• Aim of the task: All lines from the one holding "Foto: Los niños" to the end of the listing are to be output exactly, both ends included, with any pictures left out.

• Exercise data:
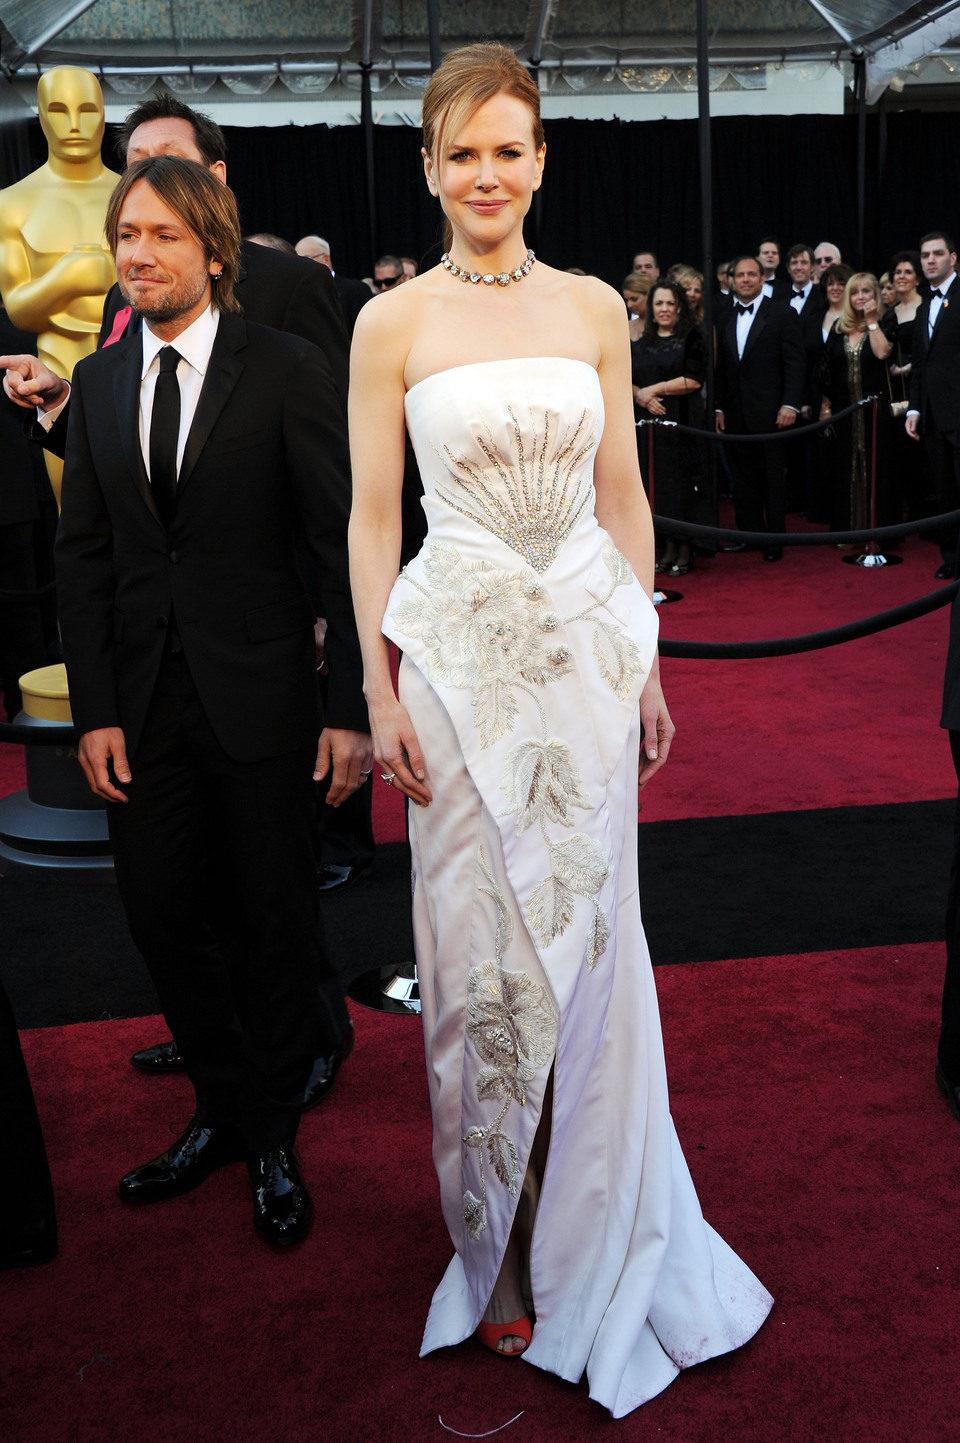 Nicole Kidman, nominada como mejor actriz en los Oscar 2011
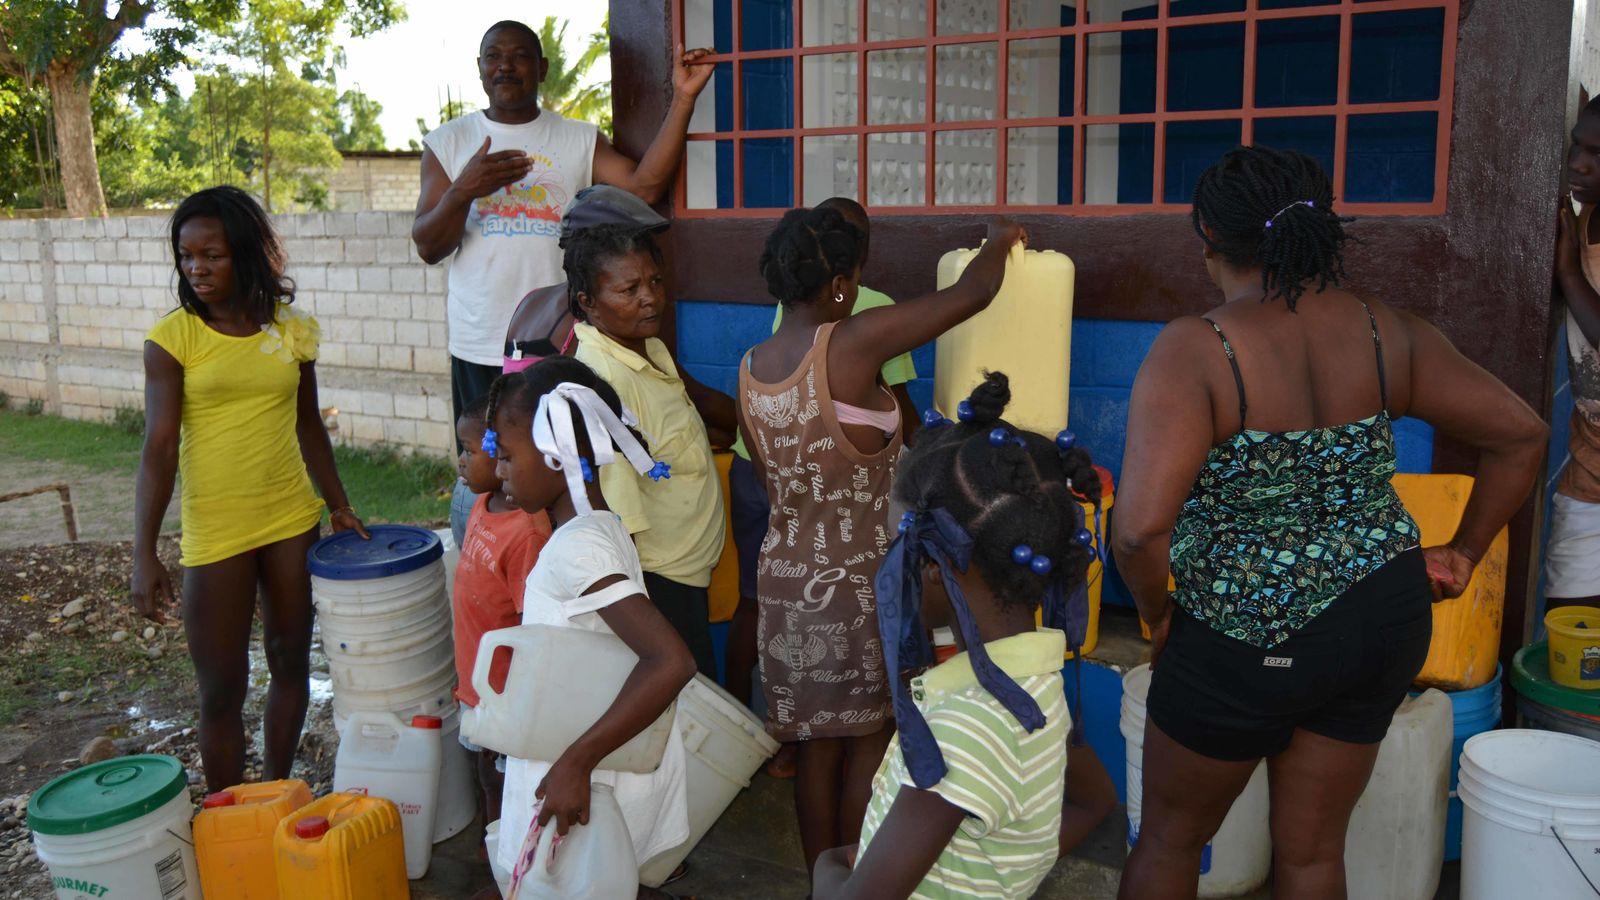 Foto: Los niños de la ciudad haitiana de Jacmel acuden raudos para tomar agua gratis en una suelta para probar el sistema. (M. García Rey)
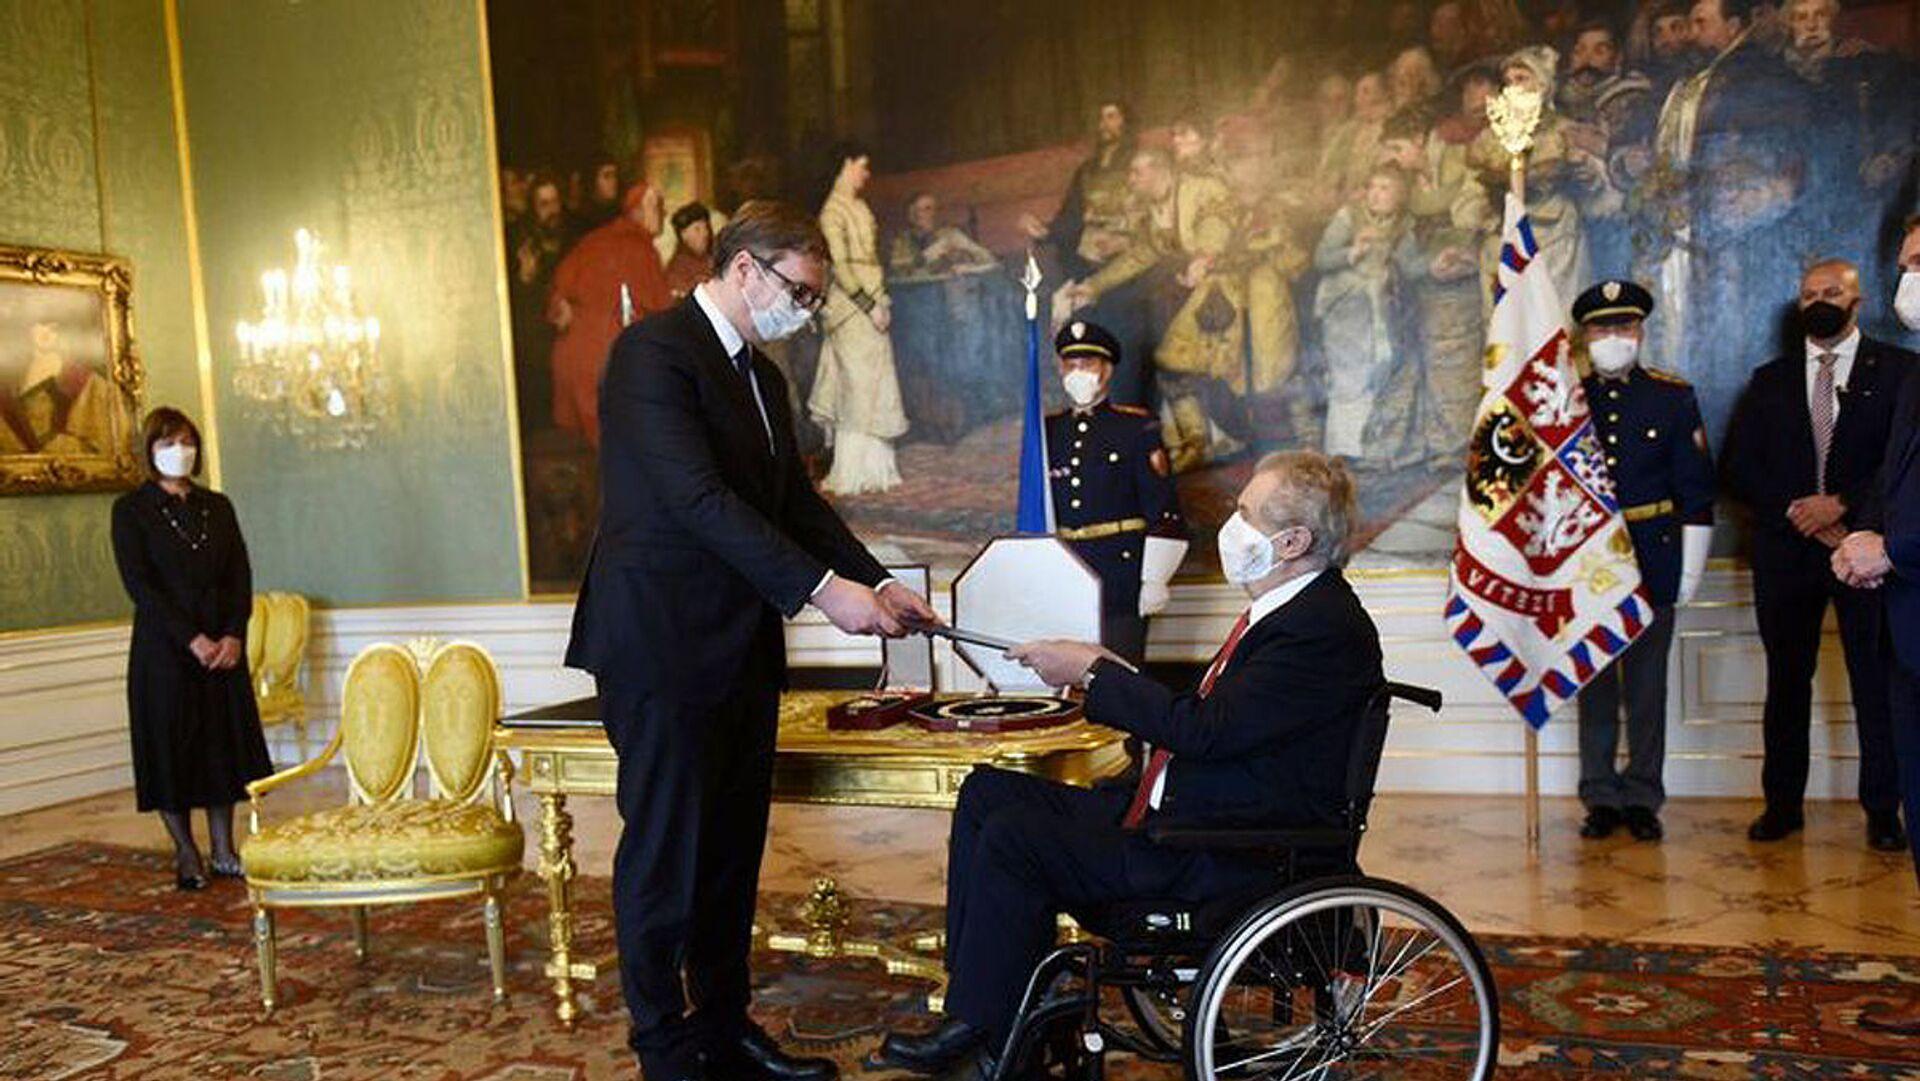 Český prezident Miloš Zeman a srbský prezident Aleksandar Vučić - Sputnik Česká republika, 1920, 18.05.2021

• Exercise output:
 Foto: Los niños de la ciudad haitiana de Jacmel acuden raudos para tomar agua gratis en una suelta para probar el sistema. (M. García Rey)
 Český prezident Miloš Zeman a srbský prezident Aleksandar Vučić - Sputnik Česká republika, 1920, 18.05.2021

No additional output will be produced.